** See the General Tips notes in Chapter 30 of this Instructor's Manual.
Your biggest concern will be what you will expect of your students. Refer to your course objectives. This can be a great chapter, but it can also cause a great deal of confusion for some of your students. You may even be surprised that some of your best students have trouble with action potentials.
Some instructors do not understand nervous system physiology very well themselves and think they can gloss over it by assigning it for completion outside of class time. This usually does not work too well.
Other instructors find nervous system physiology extremely easy and therefore assume their students will also find it easy. This usually does not work very well either.
Know what you are talking about and keep the physiology in perspective.
Numerous nervous system disorders are mentioned in this chapter. You might wish to assign some of these for regular or extra credit research. These disorders are fascinating to most students; they are also the source of a great deal of misinformation.
You might wish to copy and distribute to your students the Overview of Chapter Objectives flowchart found at the beginning of this Instructor's Manual Chapter.
Use charts liberally. Construct these charts on the board or overhead as you go along.
Bring a brain model to class, particularly if your course does not have a corresponding lab. Use the model to demonstrate where the parts of the brain are located. Pass the brain around so students can see and feel it -- even if it is only plastic.
Do the nervous transmission "time" experiment listed below. Students will really be able to put a few ideas together.

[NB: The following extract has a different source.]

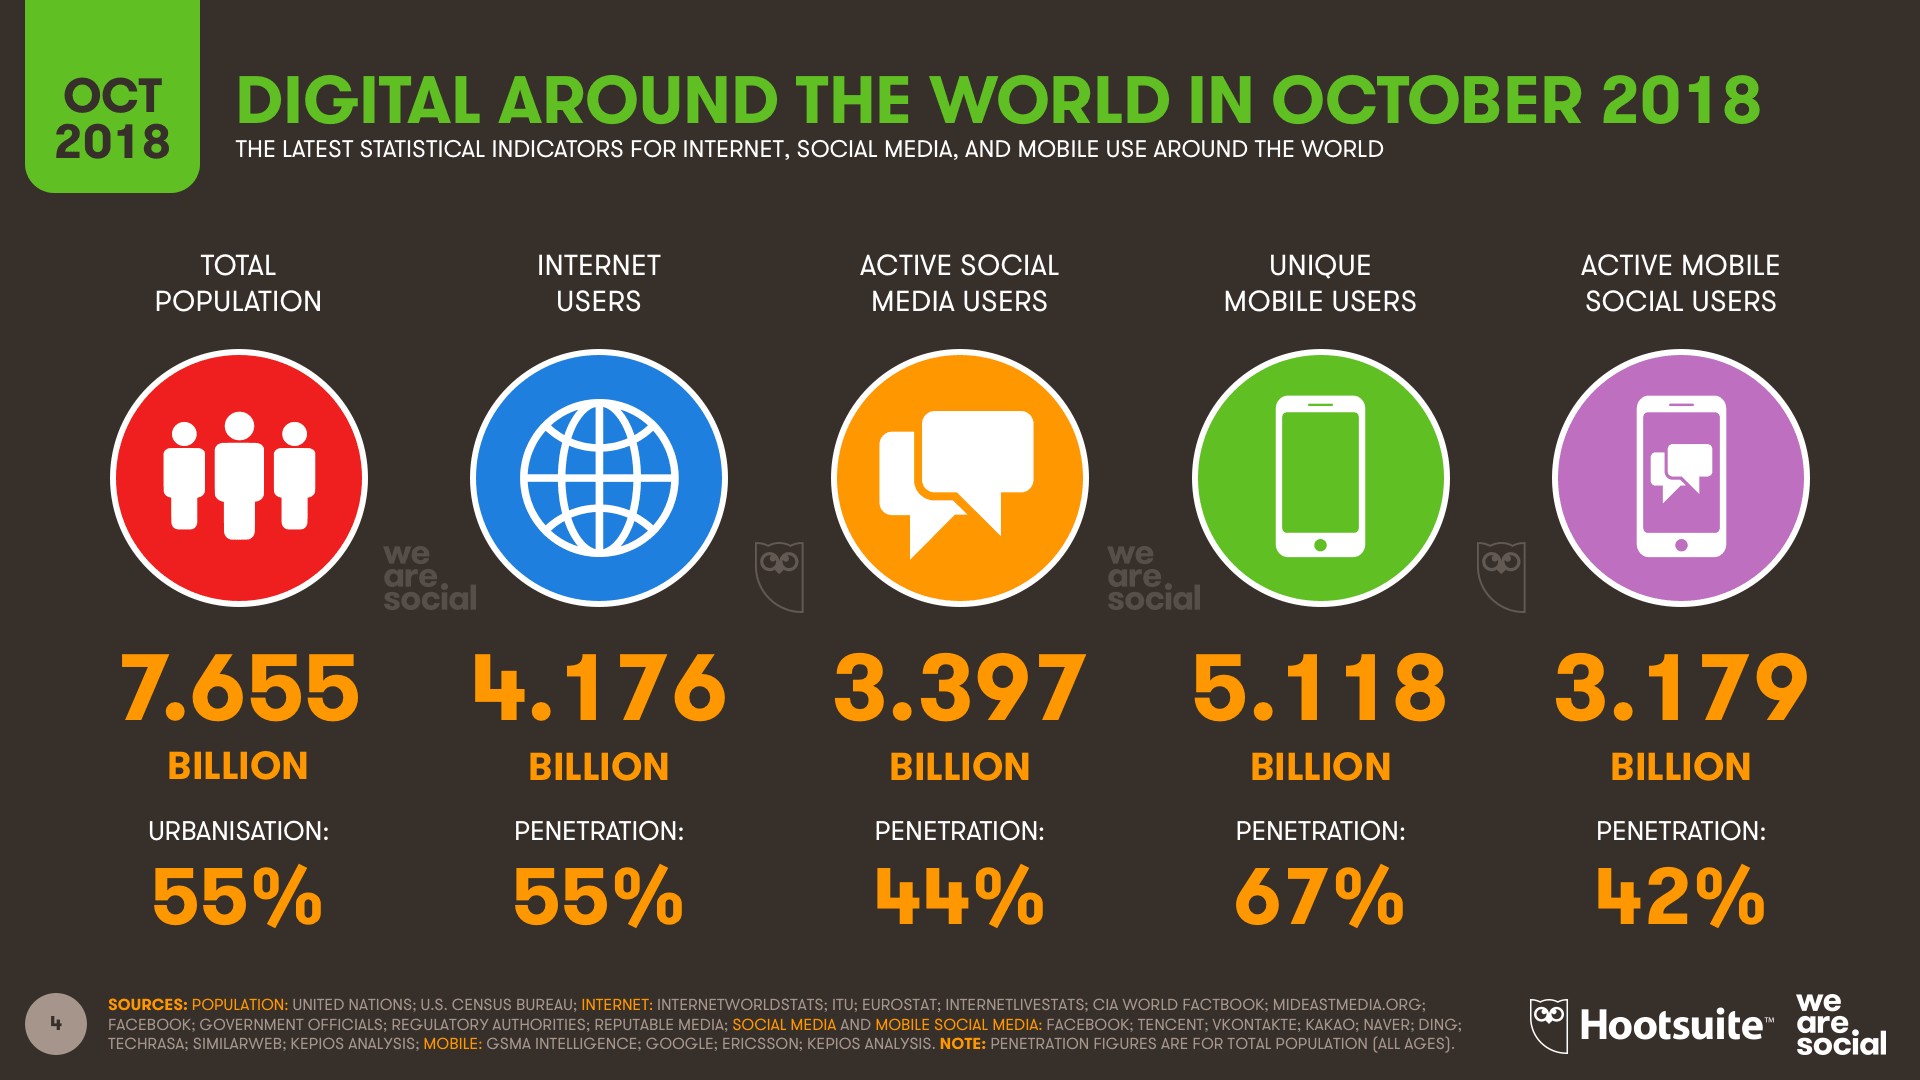 There are almost 4.2 billion internet users around the world in October 2018, up 7 percent since this time last year. Around 3.4 billion people around the world used social media in September 2018, up 10 percent versus September 2017. More than 5.1 billion people now use a mobile phone, with most using a smartphone.

Note the electrical potential is given as -65 mV. This is an average number. There are variations in different parts of the body. Note too that some books use slightly different numbers but that the principle is the same.
Use props to demonstrate the voltage gates. These props can be as simple as using your hands to simulate a gate.
Ask the students to recall what an ion is. Some will have forgotten.
Have a watch with a second hand ready. Ask your students to stand and form a continuum around the room. (If you have a large class, you may need to have two or three such continuums.) Each student is to put his or her right hand on the shoulder of the next student. Designate the "start" student. You call time and that "start" student squeezes the shoulder of the next person. As each student feels the squeeze, that students squeezes the next student's shoulder to the last person. Record the time. You have just demonstrated the time element in electrical transmission.
Analyze the variations in time. Make a list of conclusions. Ask if you have done a proper scientific experiment.
Spina bifida can occur anywhere along the spinal cord. A very tiny opening might go unnoticed for life. Such an opening would cause no problems. Spina bifida usually does not affect intelligence.
The statement is made that the autonomic nervous system is well developed in reptiles, birds, and mammals but less so in fishes and amphibians. Ask why this might be so.
The brain is the only organ that needs itself to study itself.
Make a chart of the parts of the brain and their derivatives.